**RECORDS SHOWN:**
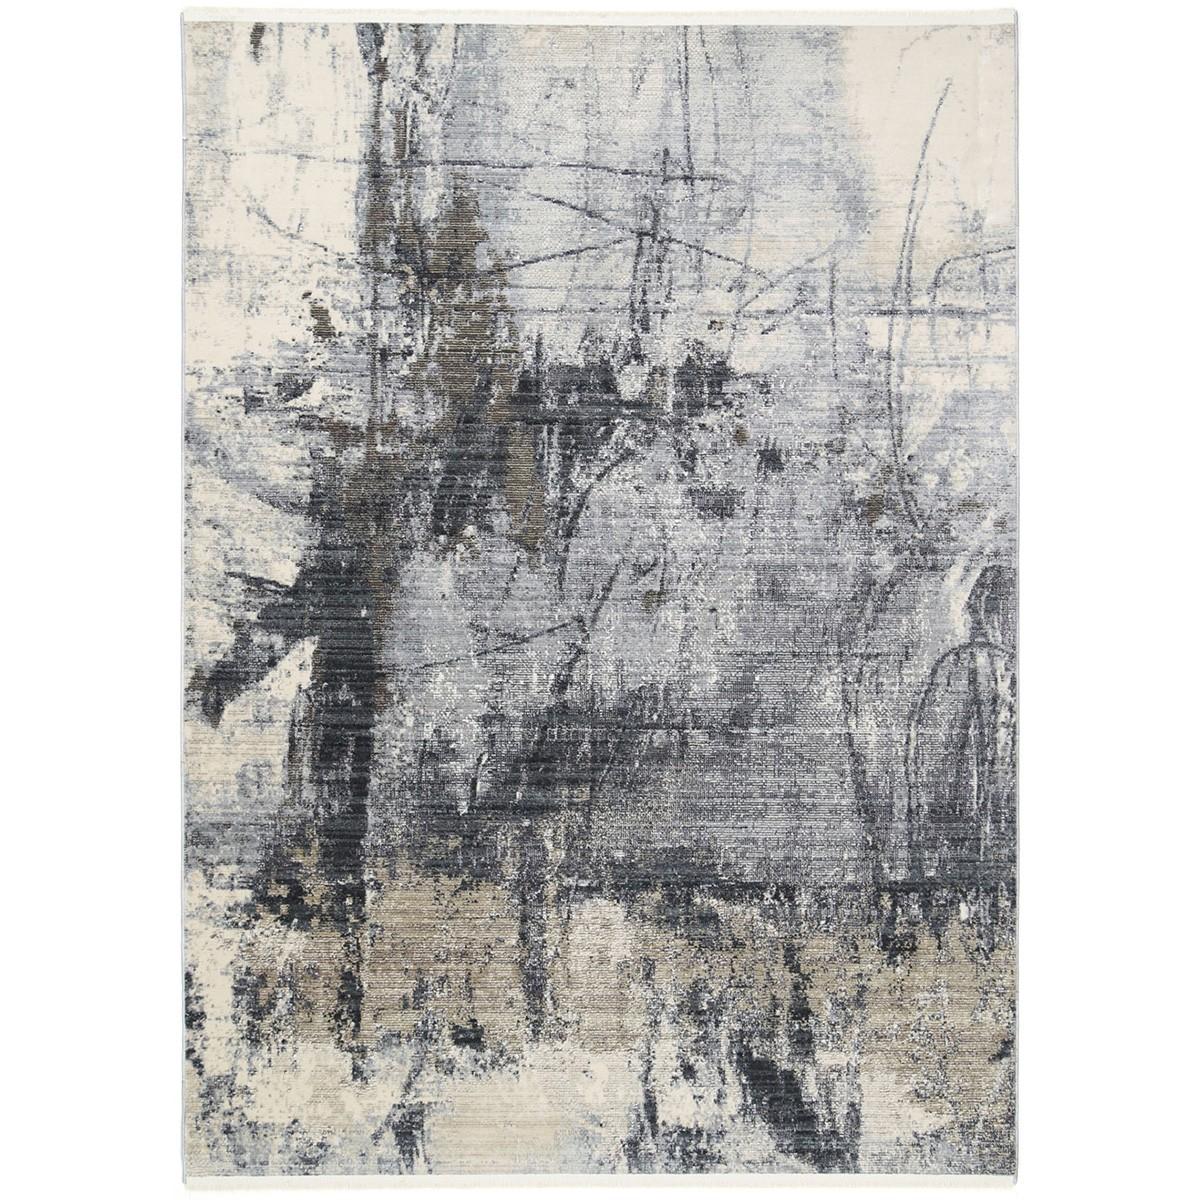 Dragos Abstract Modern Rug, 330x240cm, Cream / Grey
==
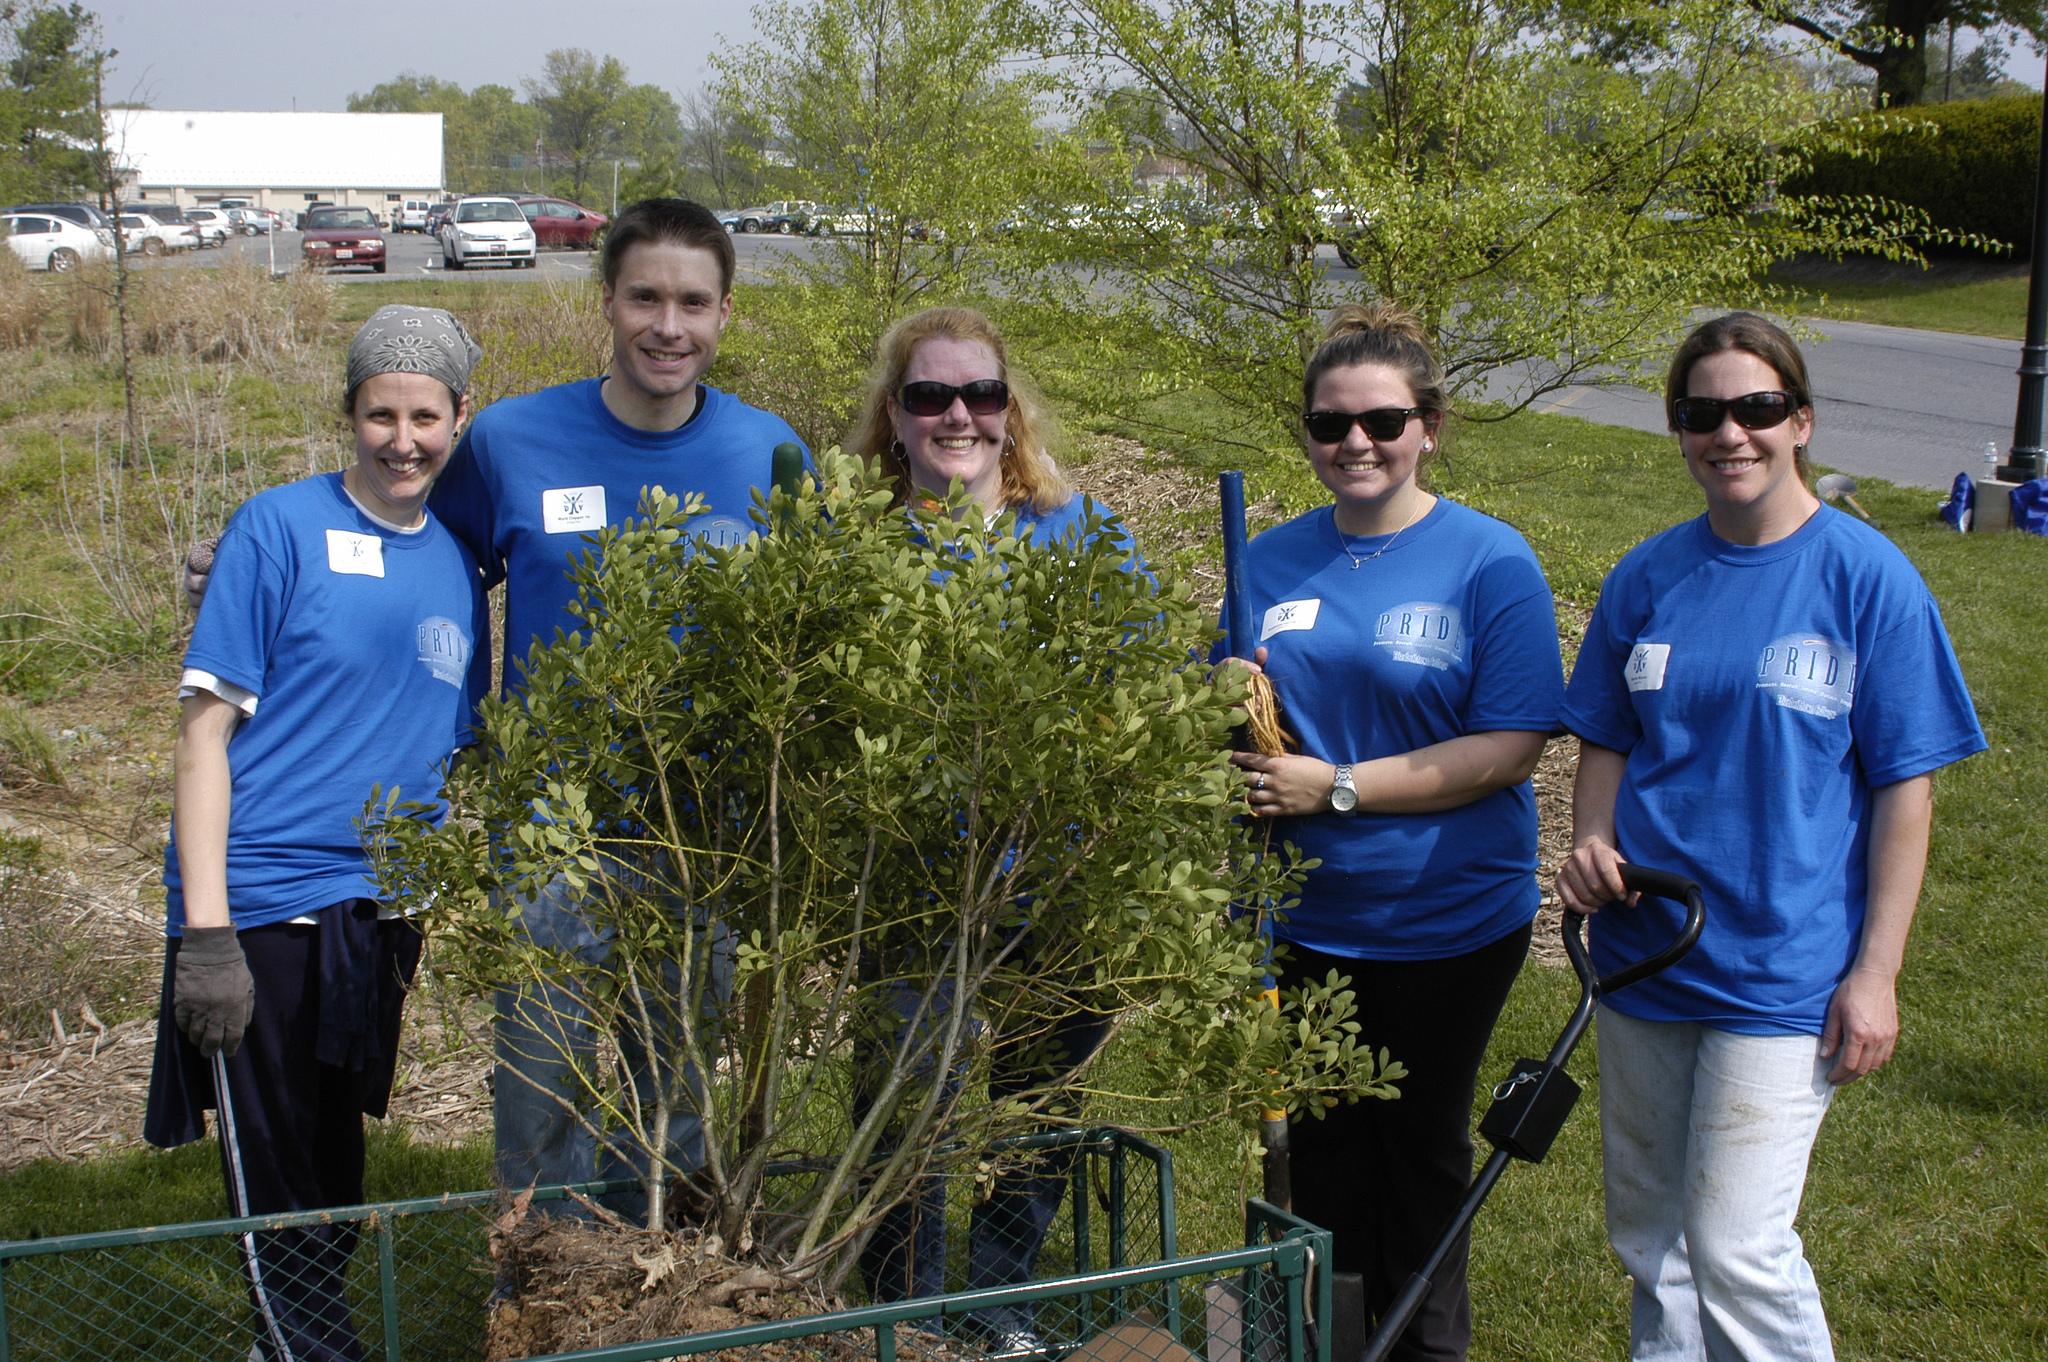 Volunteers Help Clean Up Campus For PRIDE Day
--
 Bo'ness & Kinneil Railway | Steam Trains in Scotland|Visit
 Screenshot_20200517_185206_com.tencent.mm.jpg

**PROBLEM TO SOLVE:** Among the records above, extract exactly the lines from the line with "Bo'ness & Kinneil" to the line with "Screenshot_20200517_185206_com.tencent.mm.jpg", both lines included, and leave out the rest.

**ANSWER TO THIS EXERCISE:**
 Bo'ness & Kinneil Railway | Steam Trains in Scotland|Visit
 Screenshot_20200517_185206_com.tencent.mm.jpg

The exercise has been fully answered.